In courtship it is again women who do most of the laughing and smiling, not men, and laughter serves as a gauge of how well a couple is likely to bond. Simply put, the more a man can make a woman laugh, the more attractive she finds him — because the ability to make others laugh reads as a dominant trait, and women prefer dominant males while males prefer subordinate females. Provine also found that a subordinate person laughs to appease a superior, while a superior person makes subordinates laugh without laughing himself to maintain status.

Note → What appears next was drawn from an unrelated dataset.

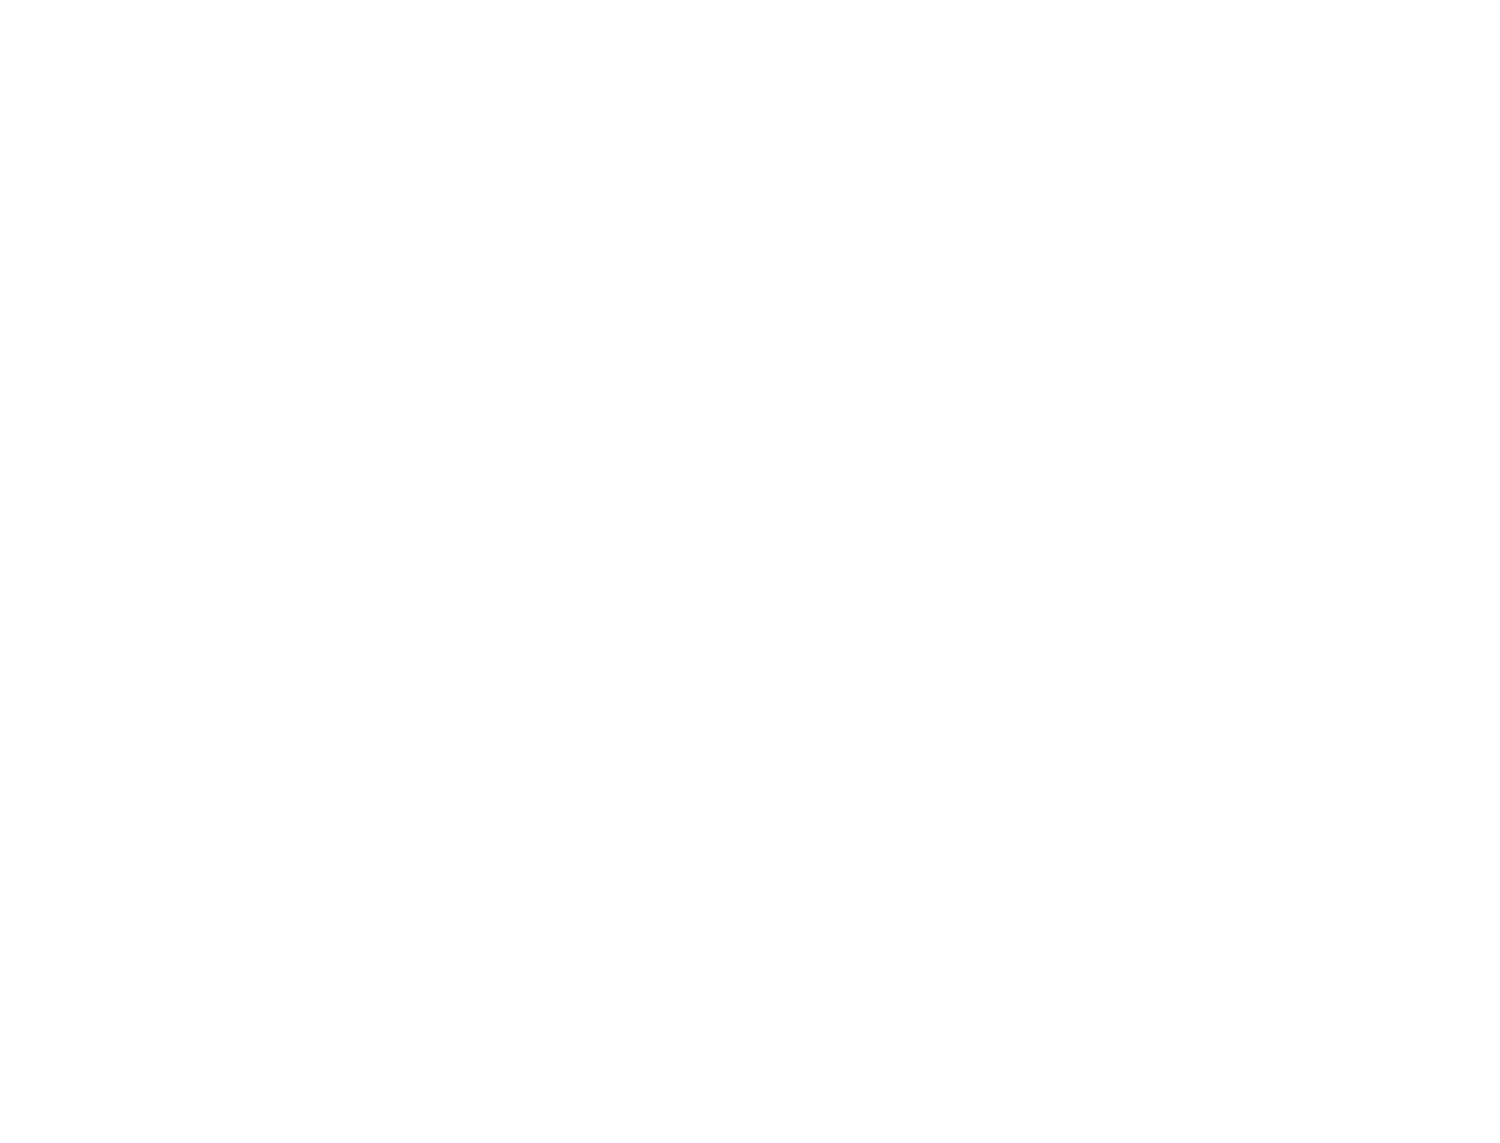 EXPLORE - X - 4

This is why a sense of humor sits near the top of women's priority list in a partner. When a woman says "he's such a funny guy — we spent the whole night laughing," she usually means she laughed and he made her laugh. From a man's perspective, saying a woman has a good sense of humor does not mean she tells jokes — it means she laughs at his. Men instinctively grasp the attraction value of humor and compete with other men to tell the best joke to raise their status (and resent the man who dominates the joke-telling when women are present). The reassuring point: humorous men look more attractive to most women, and humor can be learned.

Summary of the argument

When you smile at someone they almost always return it, producing positive feelings in both parties through simple cause and effect. The evidence is that most encounters run more smoothly, last longer, end better, and improve relationships when smiling and laughing become a habit. Smiles and laughter build the immune system, defend the body against illness, medicate it, sell ideas, teach better, attract friends, and extend life. Humor heals.